There’s lots behind that effort, but there’s one point of debate which I thought I’d throw out here explicitly to get input from people outside the Thunderbird community. Thunderbird can easily support either an XML dialect, or JSON files. There’s a feeling that the formats are isomorphic, and that figuring out which syntax ends up being a tooling issue, in particular for unknown third parties who might want to also implement parsing of these files. Some people believe that XML, being more mature, is more likely to be parseable by various software packages “out there”. Others believe that JSON is a better fit, because it’s lighter weight, more mashable, etc.

Are there good best practices that people have developed as to when to use which markup language?

Comments here, please. Keep it civil and constructive, please!

26 thoughts on “JSON vs. XML for configuration files?”

  1. I’ve usually used JSON when the config file is more ad-hoc; a collection of essentially arbitrary key/value pairs, for example. For me, the overhead of XML is only worth dealing with if you’ve got a more heavy-weight, structured set of data. Then, the ability to validate the XML config is super-handy. In those cases I’ll write a schema so that configs can be validated; the lack of schema support for JSON means it’s not feasible there.

  2. I personally prefer XML.
    On the negative side, it is very verbose compared to JSON, and also more time-consuming to parse.
    On the positive side, it is a more robust and extensible language, and it has a little more support through applications and programming libraries.
    Another important point favoring XML is that it was designed and has always been used as a data representation format. JSON is based on Javascript, which was initially meant for web scripting. The point I’m making here is that JSON introduces security concerns to those who choose to use it. Third parties (or maybe even Thunderbird) could handle these files incorrectly, allowing code execution to be possible if malicious files find their way to a user’s profile. It’s a stretch, but it’s something that may bite you in the future, so why risk it?

  3. If there are compelling use cases where the data is consumed in a browser, then JSON is probably preferable (since, XML parsing is still consumed with cross-browser quirks like entity support, etc).

    XML is more easily extended, since alternate namespaces, etc. give a lot of opportunities to add in extensions within elements.

    Those are the two issues that have most often moved us in one direction or another.

  4. XML. Validating your data is your friend. There are some efforts to define schema for JSON but why bother waiting when XML has it and has great support in EVERY language. Plus, JavaScript has E4X and so the base implementation language has fantastic XML support. It’s a no brainer.

  5. If CPU, storage, and bandwidth are infinite then XML wins out due to an already existing mechanism for defining structure. As soon as any of those three becomes an issue, it’s time to determine if it’s worth creating a mechanism for defining JSON structure.

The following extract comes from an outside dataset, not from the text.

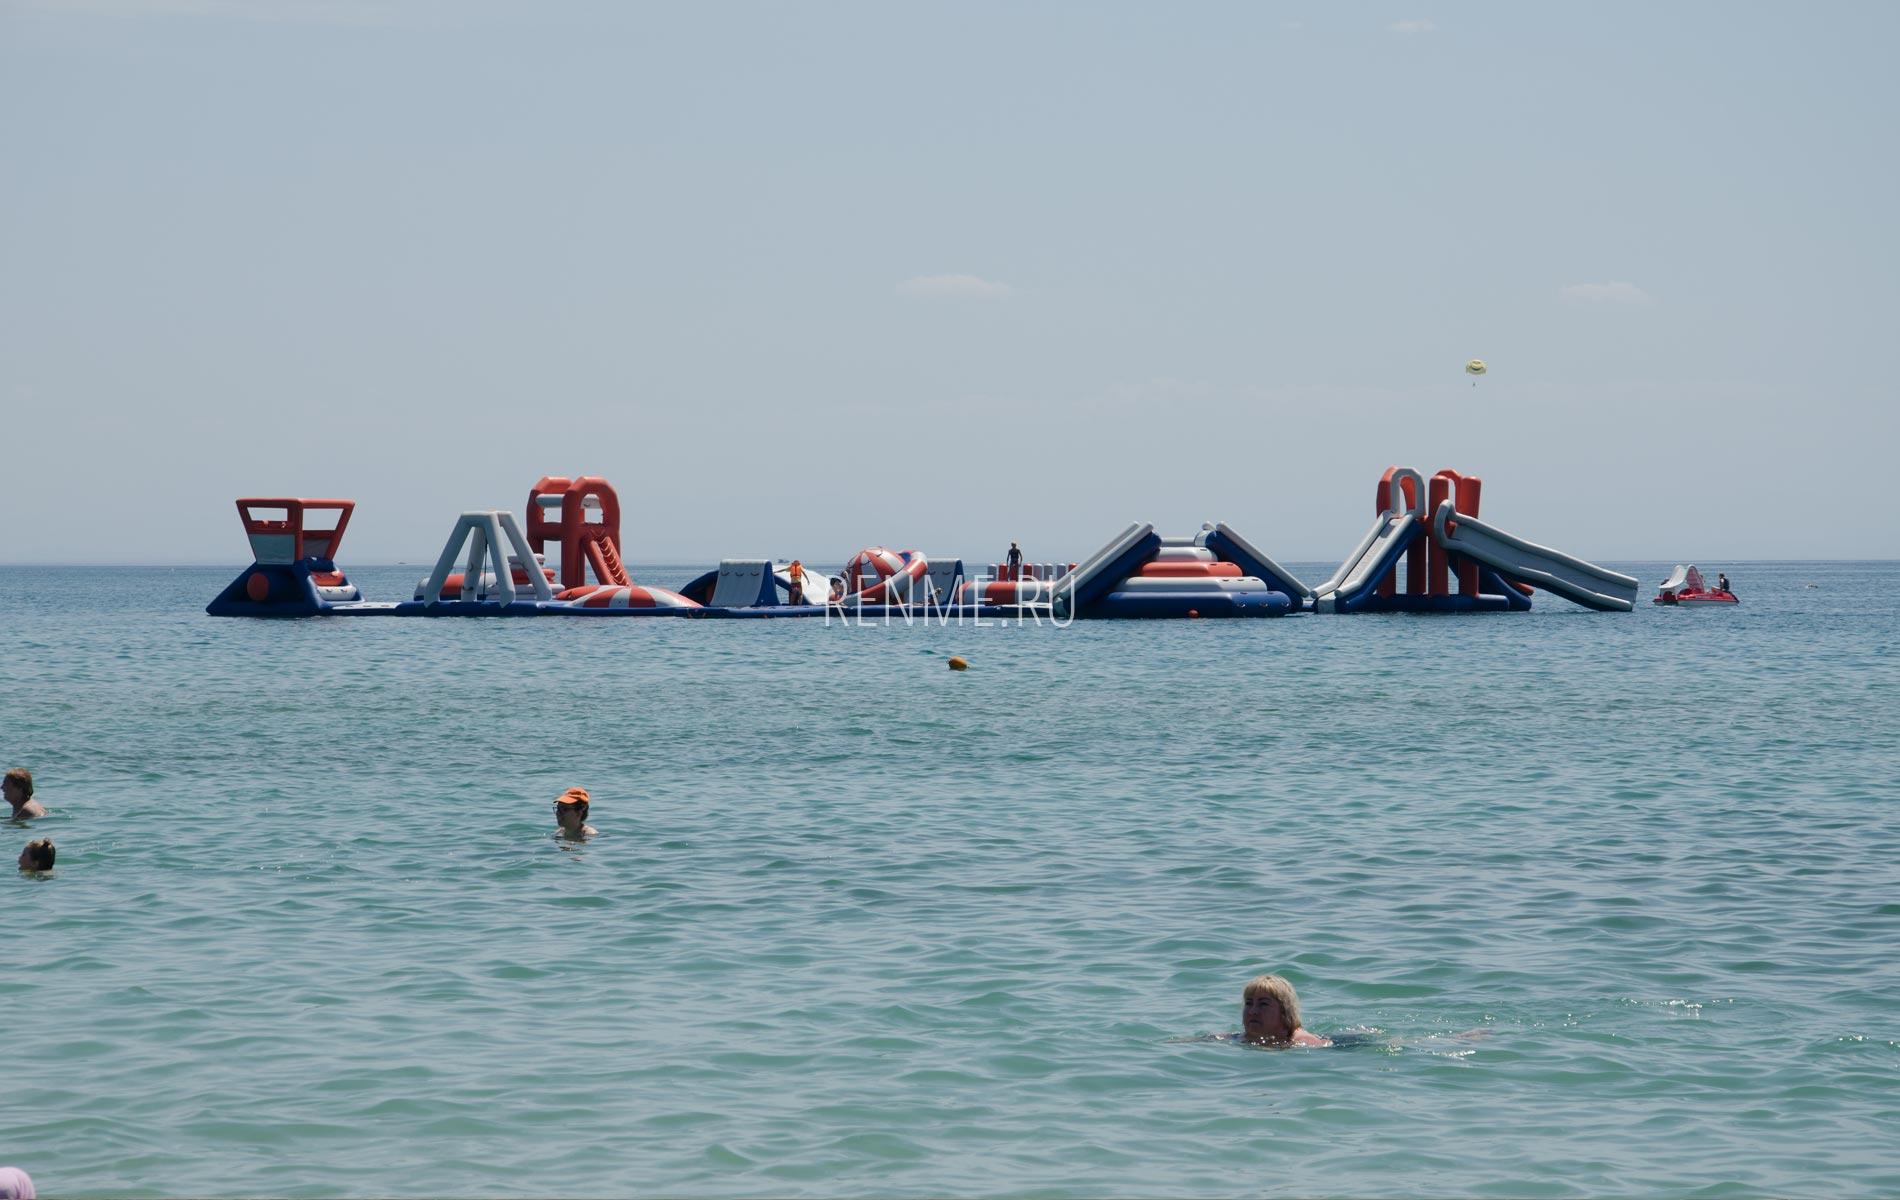 Надувной остров на пляже в Заозёрном. Фото Заозёрного

  6. Saying that because JavaScript has E4X Javascript has “fantastic language support” for XML is wrong. I have nothing against the idea, and I think eventually it’ll happen, but E4X is the wrong way to do it. For a time I fixed E4X bugs in SpiderMonkey, Mozilla’s JS engine, and half the pain involved in doing so was discovering and documenting specification bugs. E4X is not the right way to do XML in JS.

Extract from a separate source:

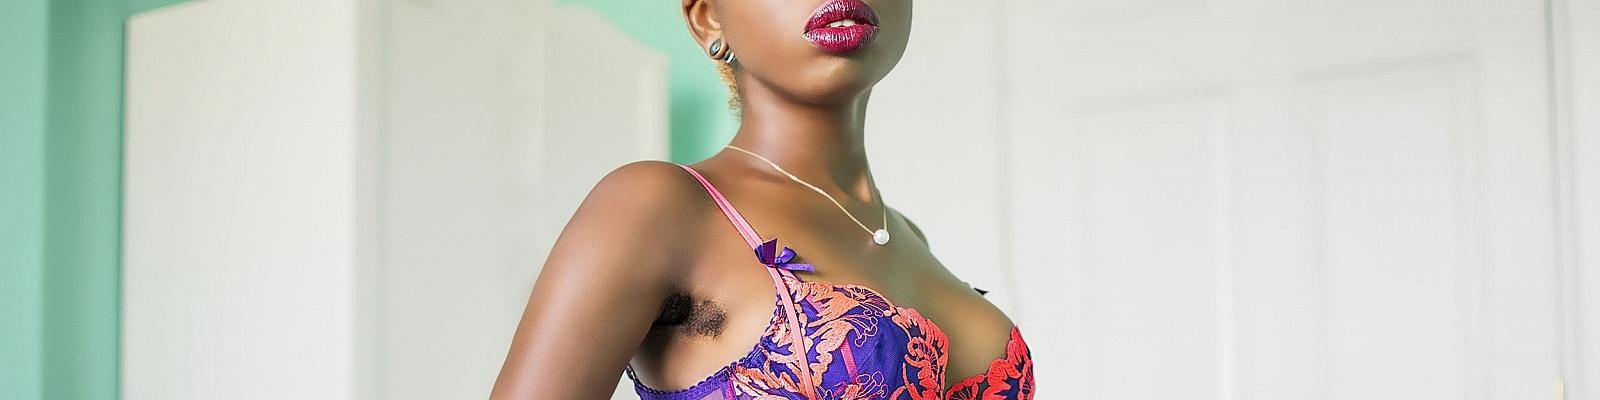 Veronique Bahl's Cover Photo

    Back on topic, Thunderbird’s not going to run its files against a schema on every startup, so the ability to create schemas (which then have to be updated as the format changes, don’t forget!) for your XML is pointless. Stick with JSON, a slightly smaller format, and run with it. But really, it doesn’t matter which you use as long as you don’t spend much time thinking about the choice.

  7. XML for the win!

    Not being able to validate is a Bad Thing ™. And XML’s validation stuff is as robust as you can want. Especially when you’re dealing with a standard that can have arbitrary extensions.

    This is the Internet after all – you can’t get much more arbitrary than that 😉

  8. It’s pretty hard to make a config file readable for people who aren’t developing the product when it’s in JSON.

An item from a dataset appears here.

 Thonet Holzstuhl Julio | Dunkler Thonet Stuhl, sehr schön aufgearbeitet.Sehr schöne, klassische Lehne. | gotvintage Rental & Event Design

    If the config is never updated by hand for any reason then it’s fine, then you’re just persisting the config data. But if people are expected to read it and edit you’re not gonna make it readable in JSON.

    Not to mention I don’t know of a JSON serializer that does “pretty printing” like most XML libraries do. Having the config be one giant JSON object on a single line would be a real pain to work with by hand.

  9. Why not something more rigid like SQLite + a lightweight XUL editor? It’s more structured than XML, is portable/compact, and has great access speeds.

    Otherwise, XML is more well known (and is nominally more accessible) from most languages and environments. Web devs know JSON, but everyone else knows a bit of XML in one way or another.

  10. I go for XML too. A lot of companies hasn’t even heard about JSON. Almost everybody knows XML and generating a XML file should be no problem for both most developers and most systems.

    I also think it’s very important that such features like multiple identities, signatures etc are supported in these config files.

  11. If we want to make Thunderbird a robust product, then validation of the config file is a must. Hence XML.

    JSON may be lighter, but Thunderbird will anyway have an XML parser within…

  12. I think JSON is much more readable due to less verbosity. It also makes values typed, which can make it easier to understand and makes it stricter in some ways than XML.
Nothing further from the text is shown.